A dark look passed over her face, the kind of accusing look that he had seen only on adults. Belle never looked at him like that. He was always happy around her. Suddenly, Thomas just wanted to get away. He staggered off. He forced his way through the thick crowd of classmates — some of them saying his name or trying to get his attention in other ways — through the double doors, out into the sunshine.
Cornrow wasn’t in his dorm room. Thomas knocked a dozen or so times and then slumped down next to his door. He would rest here for a moment. He remembered coming home from Elixir, seeing his new stepmother entering her old apartment, looking a little ragged.
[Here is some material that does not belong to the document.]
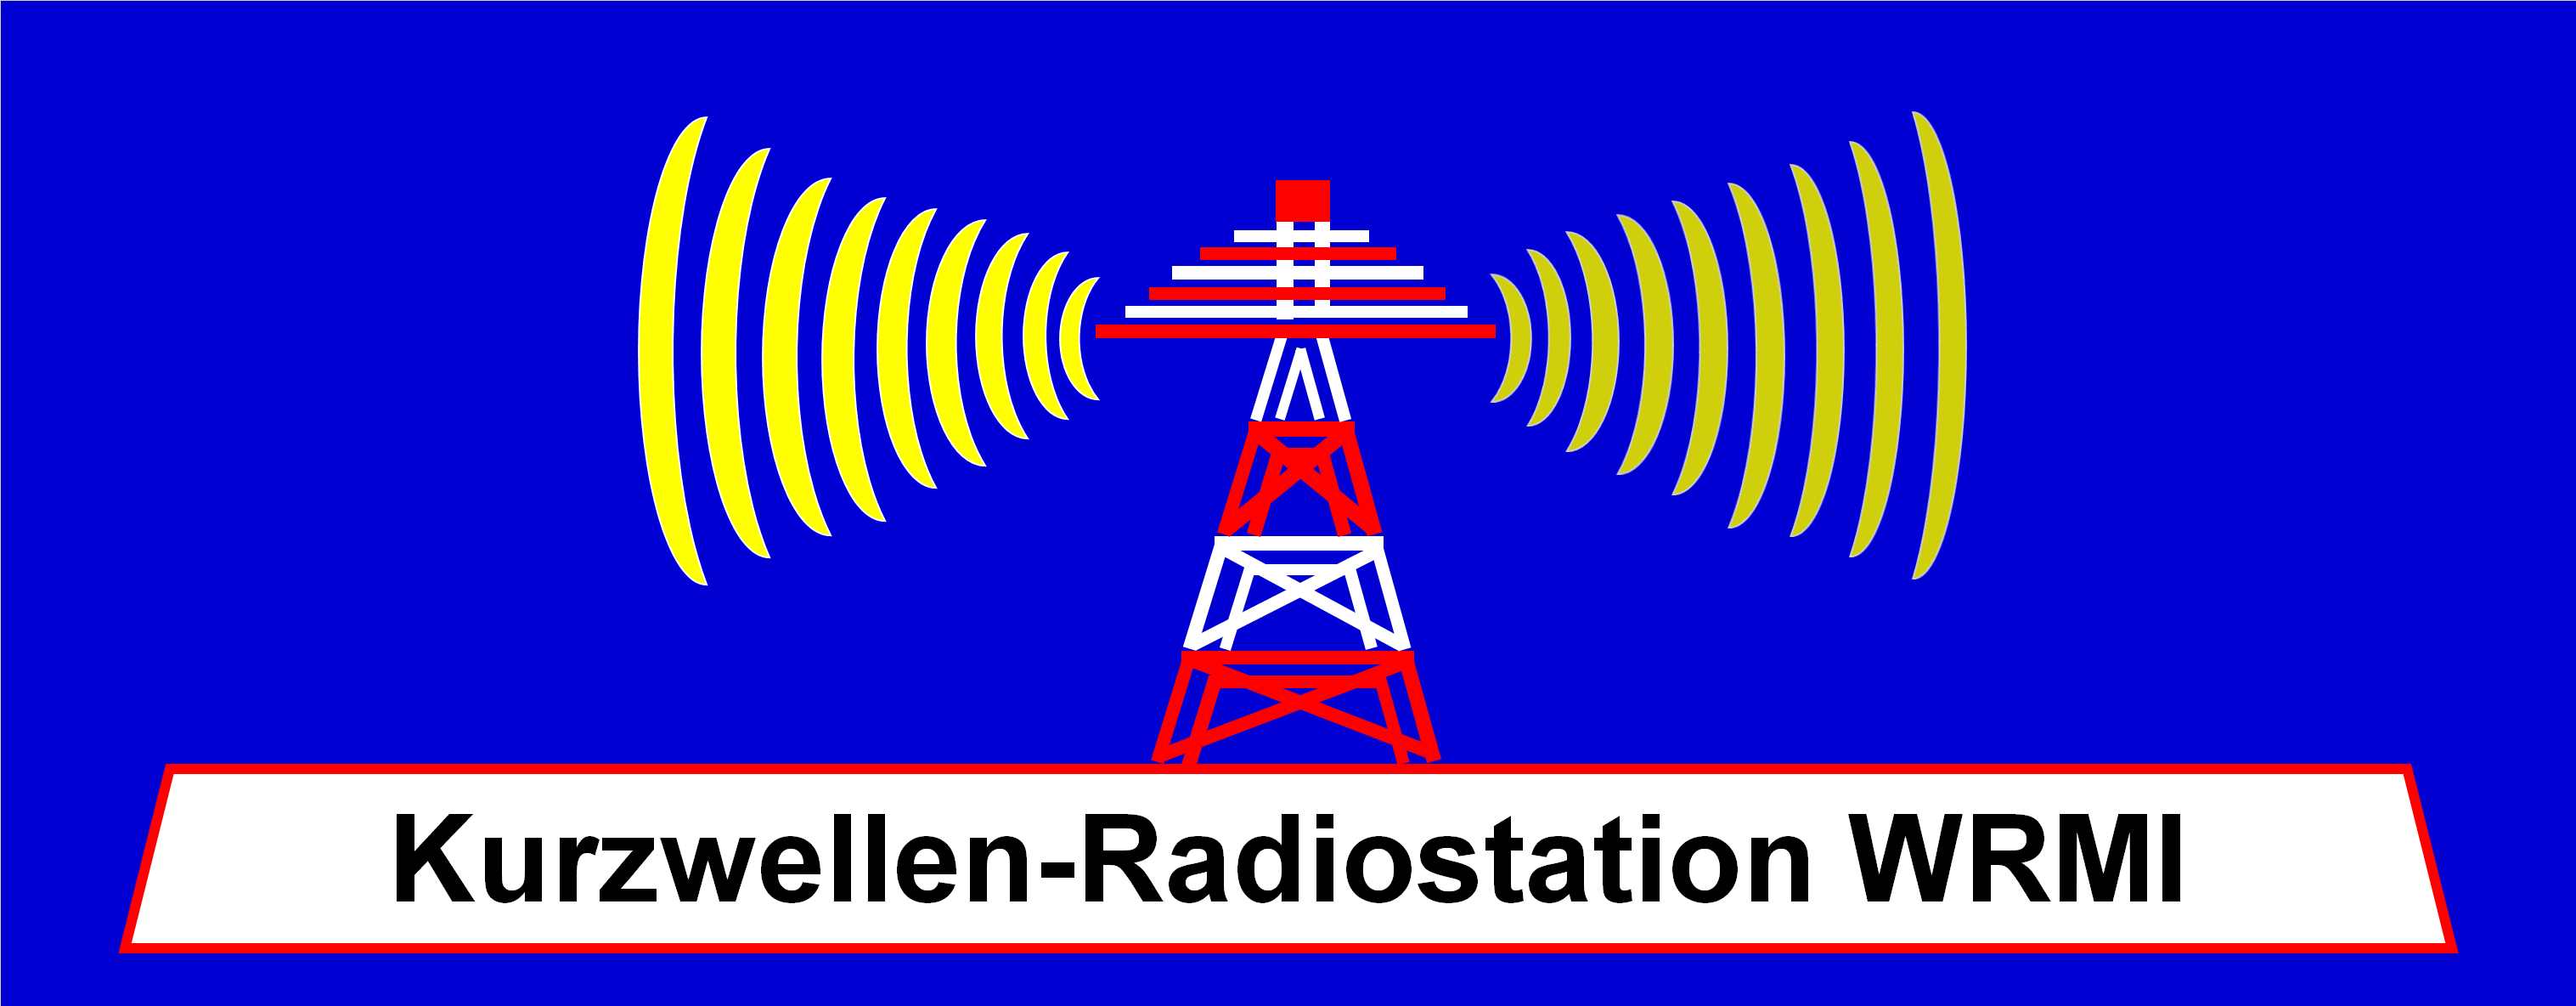 Kurzwellen-Radiostation WRMI

He had no idea why the memory suddenly came back to him, but it made him shiver all over. Then he thought about Nicola’s new son and the missing Faust children. He tried hard to remember that night last year at the Faust home when he went to dinner with Belle. It was a Sunday. What happened to him there? He had flashes of memory that didn’t fit into the picture. At first, after coming home that night, he thought the evening had gone perfectly. Good food. The kind of boring conversation you have with parents. He had liked Nicola then. But lately, images would flash into his head that didn’t fit anything he had previously believed. The memories came out of nowhere, on their own.
Belle and Victoria shouting at each other.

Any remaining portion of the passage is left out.